Key Machine Learning Terms and Concepts Cont'd
Other Common Machine Learning terms
Algorithm: A self-contained set of rules used to solve problems through data processing, math, or automated reasoning.
Anomaly Detection: A model that flags unusual events or values and helps you discover problems. For example, credit card fraud detection looks for unusual purchases.
Categorical Data: Data that is organized by categories and that can be divided into groups. For example, a categorical data set for autos could specify year, make, model, and price.
Classification: A model for organizing data points into categories based on a data set for which category groupings are already known.

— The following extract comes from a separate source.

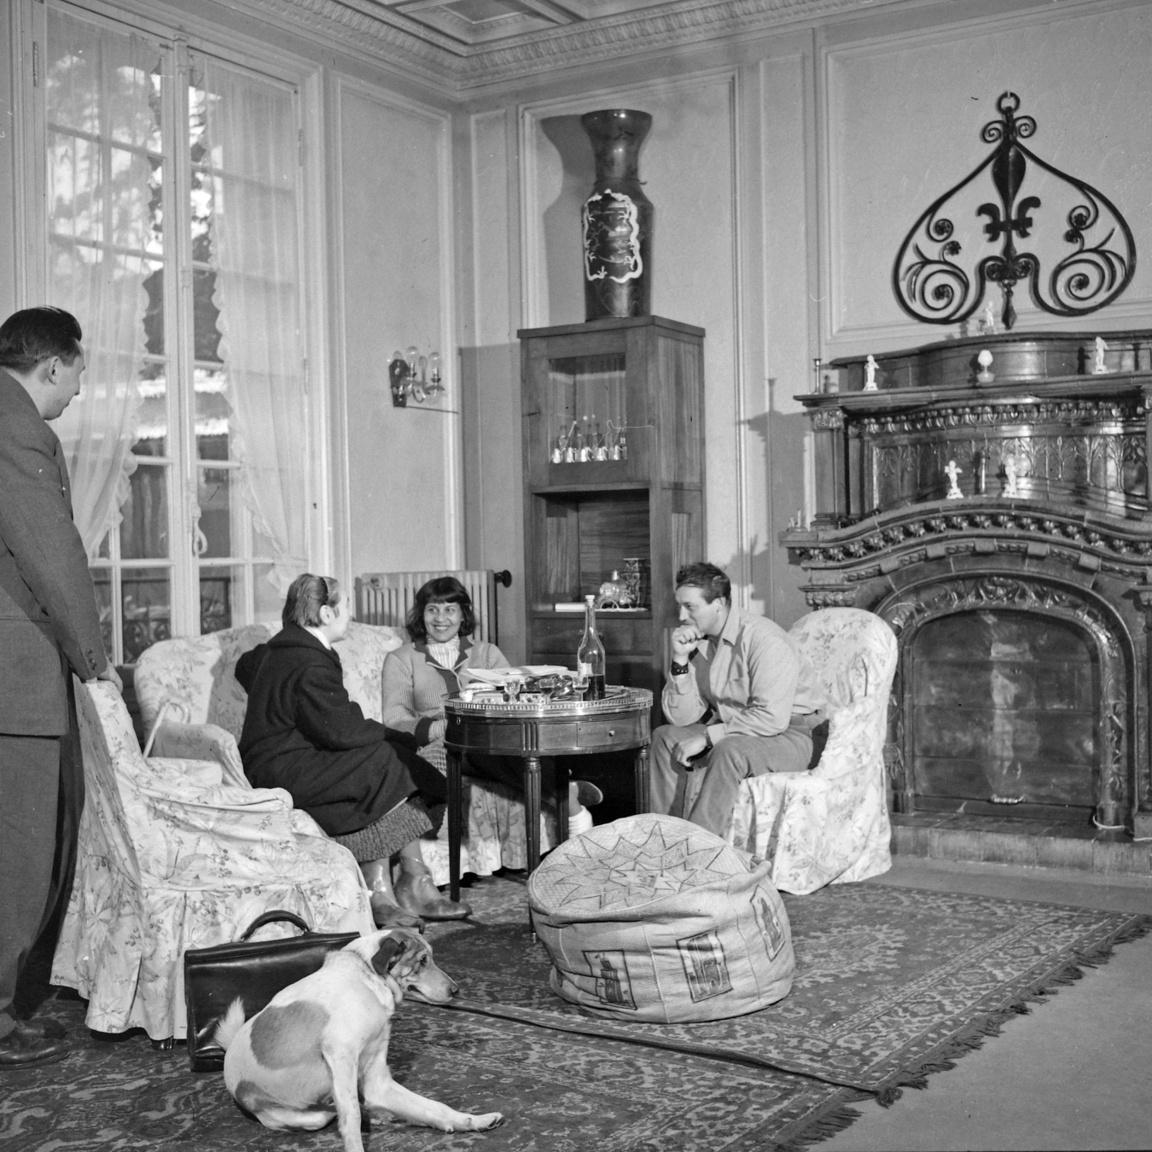 Elkapott pillanat a Cziffra házaspár franciaországi kastélyában. A zongoraművész mellett balra felesége, az egyiptomi származású Soleika.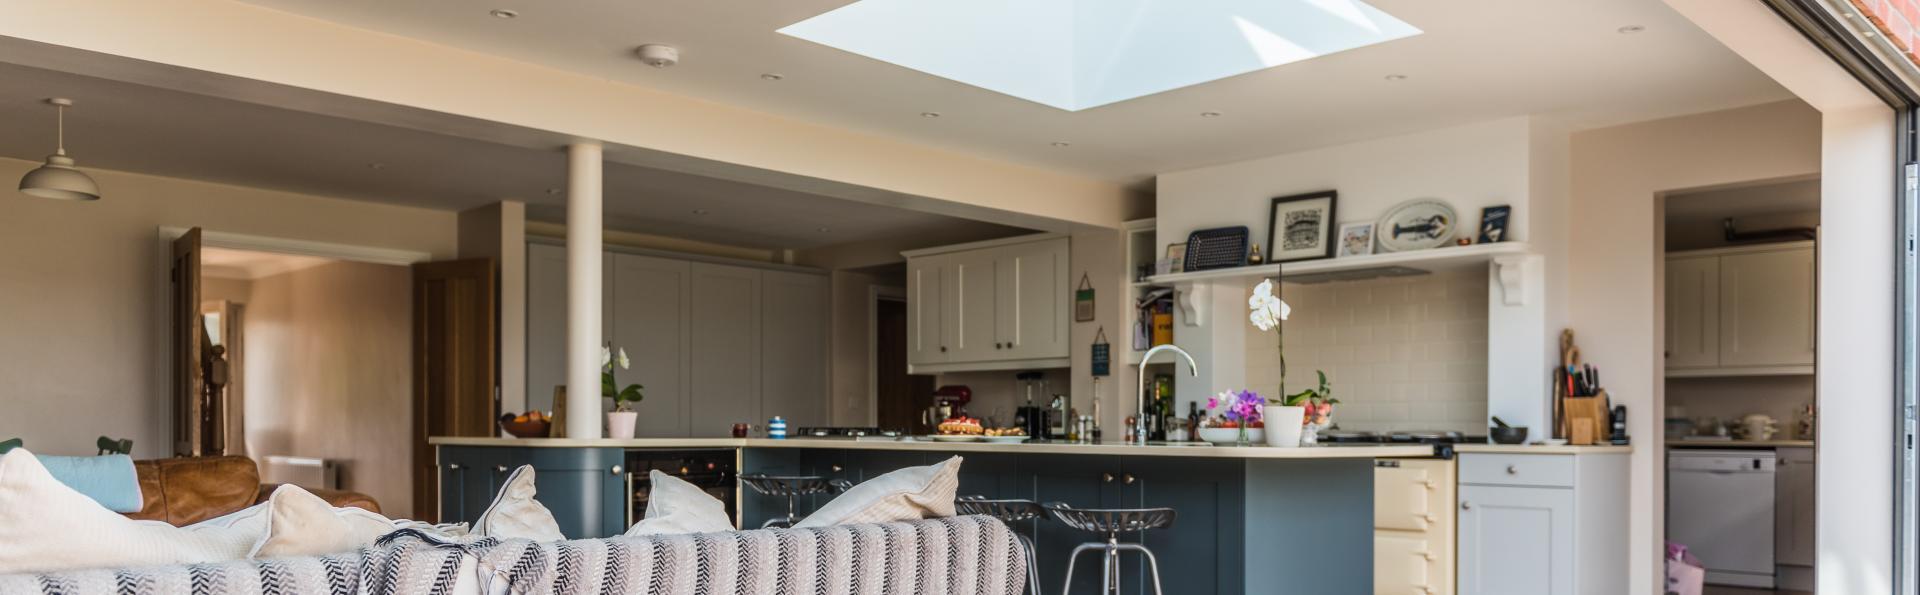 lantern roofing in a North devon kitchen

Feature Engineering: The process of extracting or selecting features related to a data set in order to enhance the data set and improve outcomes. For instance, airfare data could be enhanced by days of the week and holidays. See Feature selection and engineering in Azure Machine Learning.
Module: A functional part in a Machine Learning Studio model, such as Metadata editor module that enables data transformation in data sets. An algorithm is also a type of module in Machine Learning Studio.
Model: A supervised learning model is the product of a machine learning experiment comprised of training data, an algorithm module, and functional modules, such as a Score Model module.
Numerical data: Data that has meaning as measurements (continuous data) or counts (discrete data). Also referred to as quantitative data.
Partition: The method by which you divide data into samples. See Partition and Sample for more information.
Prediction: A prediction is a forecast of a value or values from a machine learning model. You might also see the term “predicted score.” However, predicted scores are not the final output of a model. An evaluation of the model follows the score.
Regression: A model for predicting a value based on independent variables, such as predicting the price of a car based on its year and make.
Score: A predicted value generated from a trained classification or regression model, using the Score Model module in Machine Learning Studio. Classification models also return a score for the probability of the predicted value. Once you’ve generated scores from a model, you can evaluate the model’s accuracy using the Evaluate Model module.
Sample: A part of a data set intended to be a representative of the whole. Samples can be selected randomly or based on specific features of the data set.